François Chollet+ Your Authors @fchollet Deep learning @google. Creator of Keras, neural networks library. Author of 'Deep Learning with Python'. Opinions are my own. Dec. 26, 2019 2 min read + Your Authors

What's deep learning?

The "common usage" definition as of 2019 would be "chains of differentiable parametric layers trained end-to-end with backprop".

But this definition seems overly restrictive to me.

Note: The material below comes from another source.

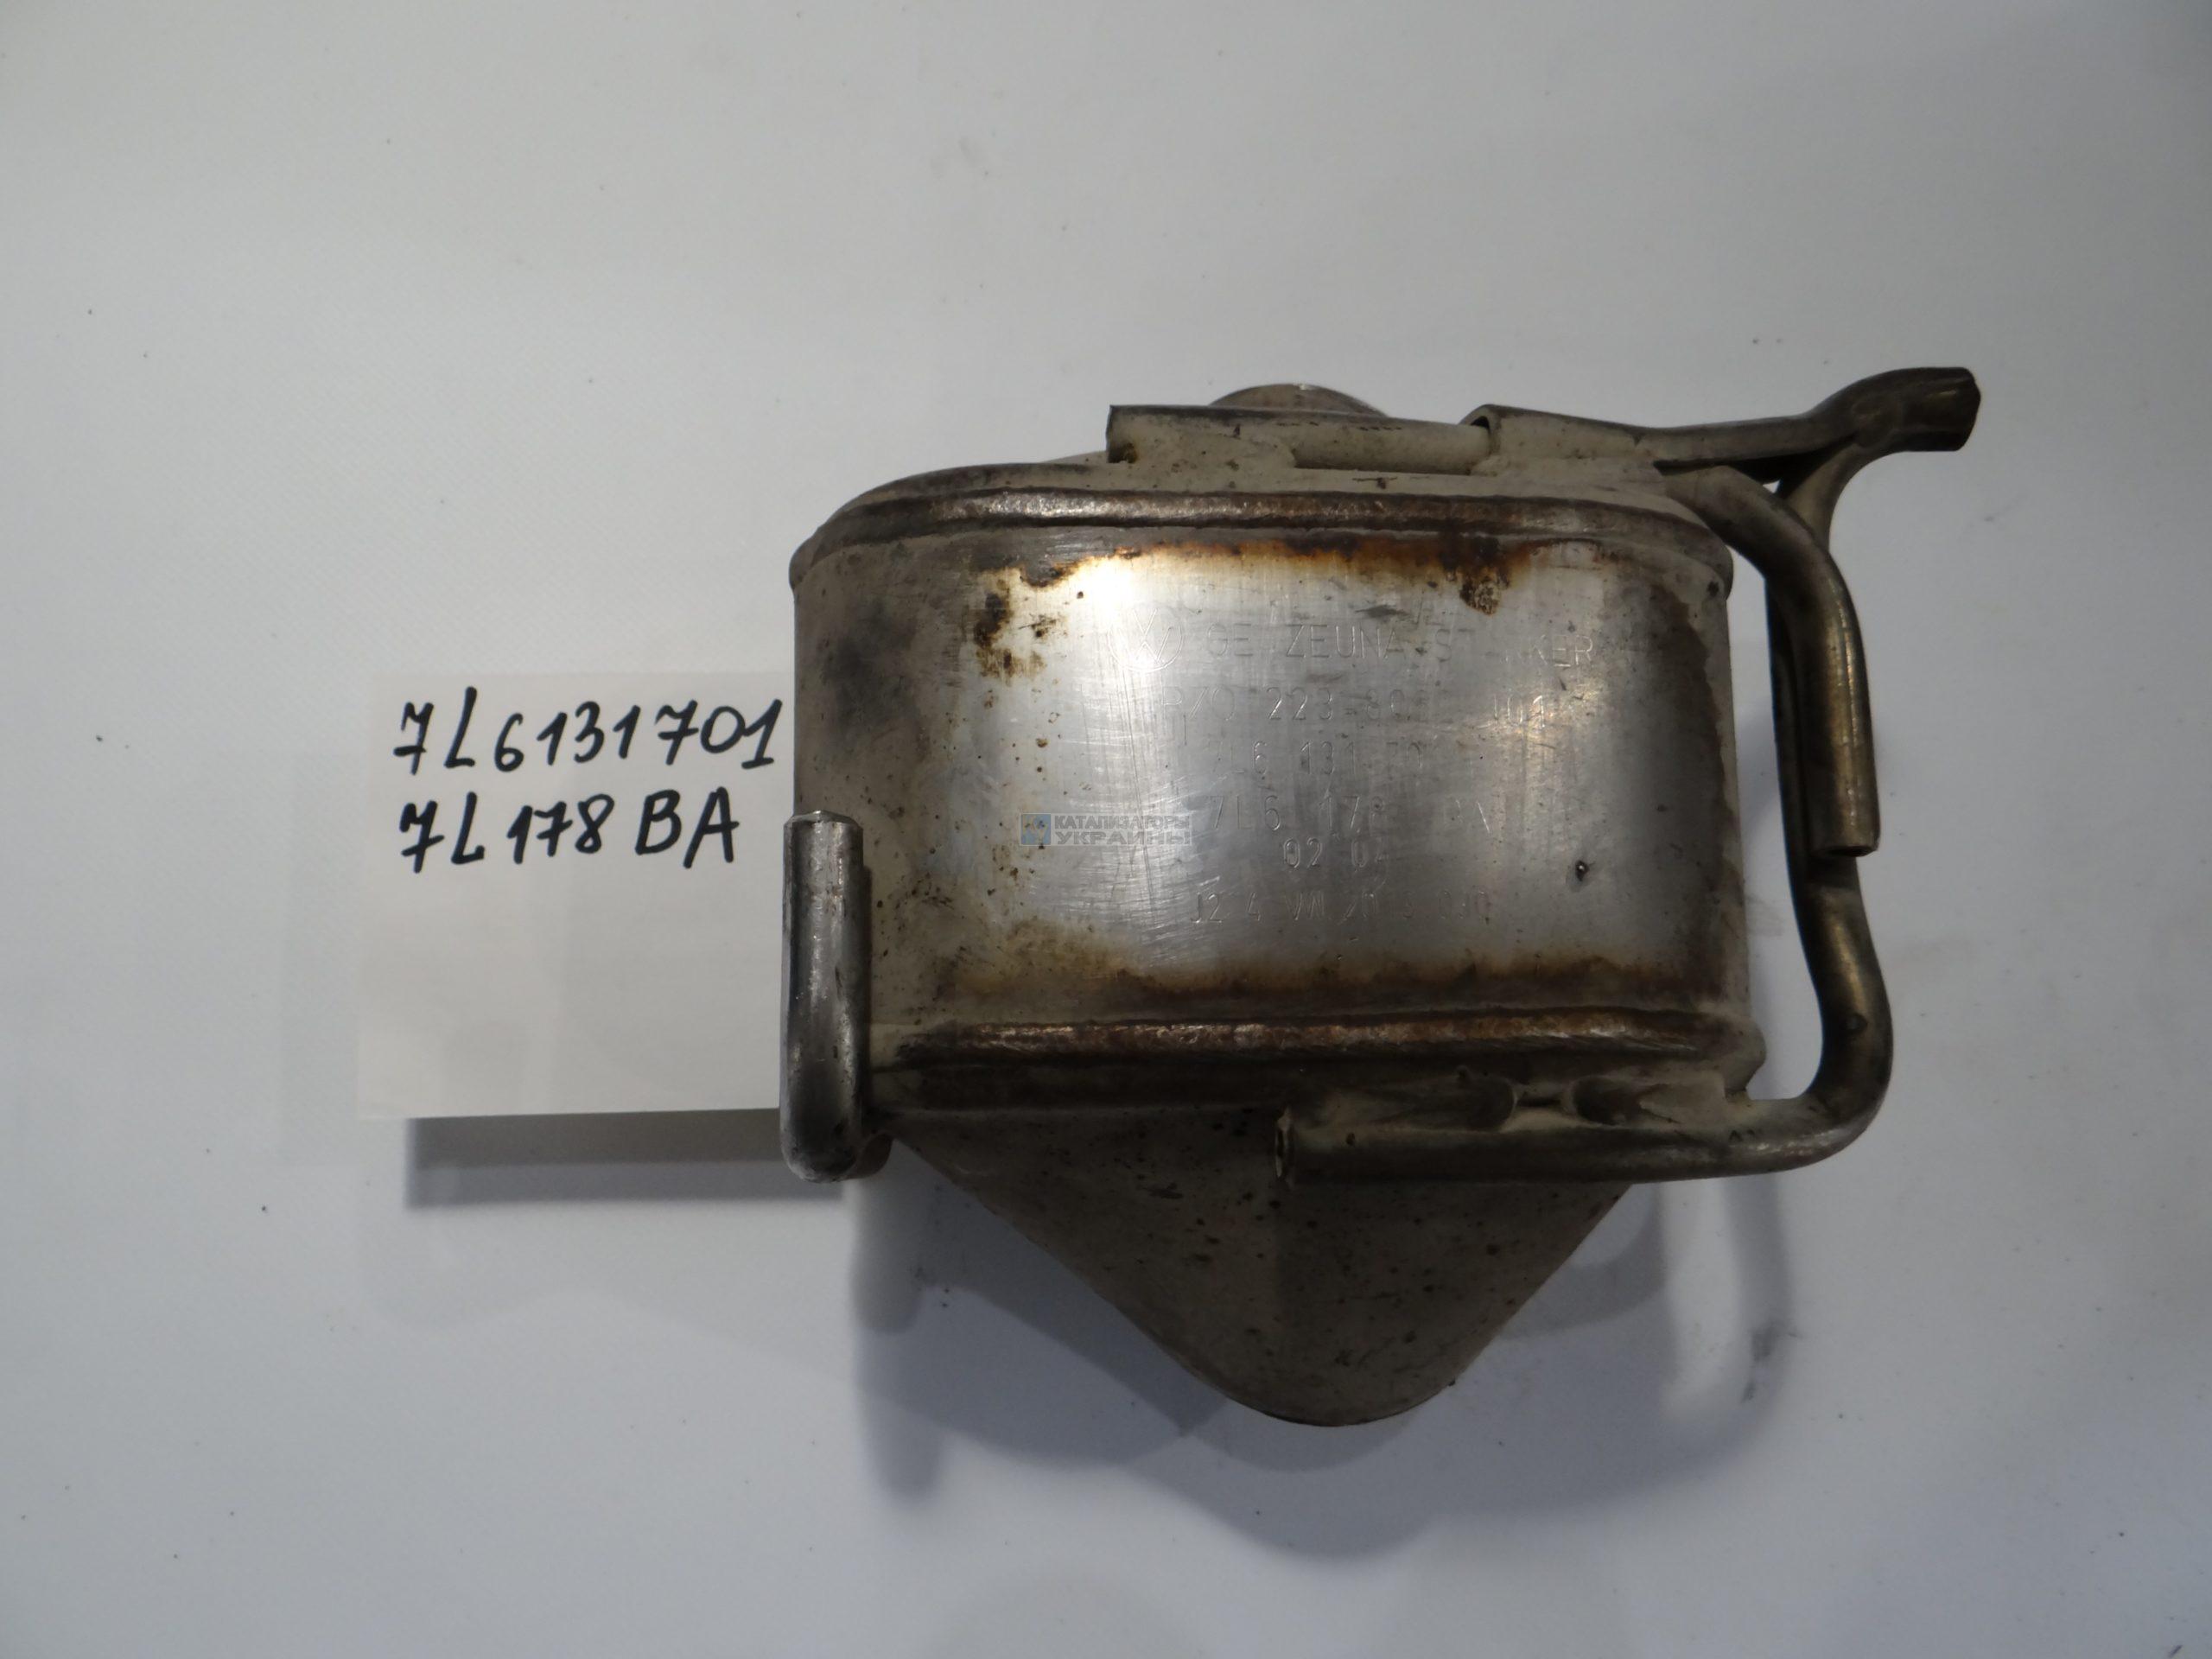 Скупка и выкуп БУ катализаторов — маркировка: 7L6131701, 7L178BA

It describes *how we do DL today*, not *what it is*.

If you have a convnet and you train its weights with ADMM, is that no longer deep learning?

Is an HMAX model (with learned features) not deep learning?

Is a deep neural network trained greedily layer-by-layer not deep learning?

I say they're all deep learning.

Deep learning refers to an approach to representation learning where your model is a chain of modules (typically a stack / pyramid, hence the notion of depth), each of which could serve as a standalone feature extractor if trained as such.

That's also how I define it in my book.

This stands in contrast to:

1) Things that are not representation learning (e.g. manual feature engineering like SIFT, symbolic AI, etc.)

2) "Shallow learning", where there is a single feature extraction layer.

It does not prescribe a specific learning mechanism (e.g. backprop) or a specific use case (e.g. supervised learning or RL), and it does not require end-to-end joint learning (as opposed to greedy learning).

It's the *what* (nature and structure), not the *how*.

This definition draws a clear boundary: some things are DL, some things aren't.

The 2019 flavors of DNNs are DL, of course. So are DNNs trained with backprop alternatives like ES, ADMM, or virtual gradients.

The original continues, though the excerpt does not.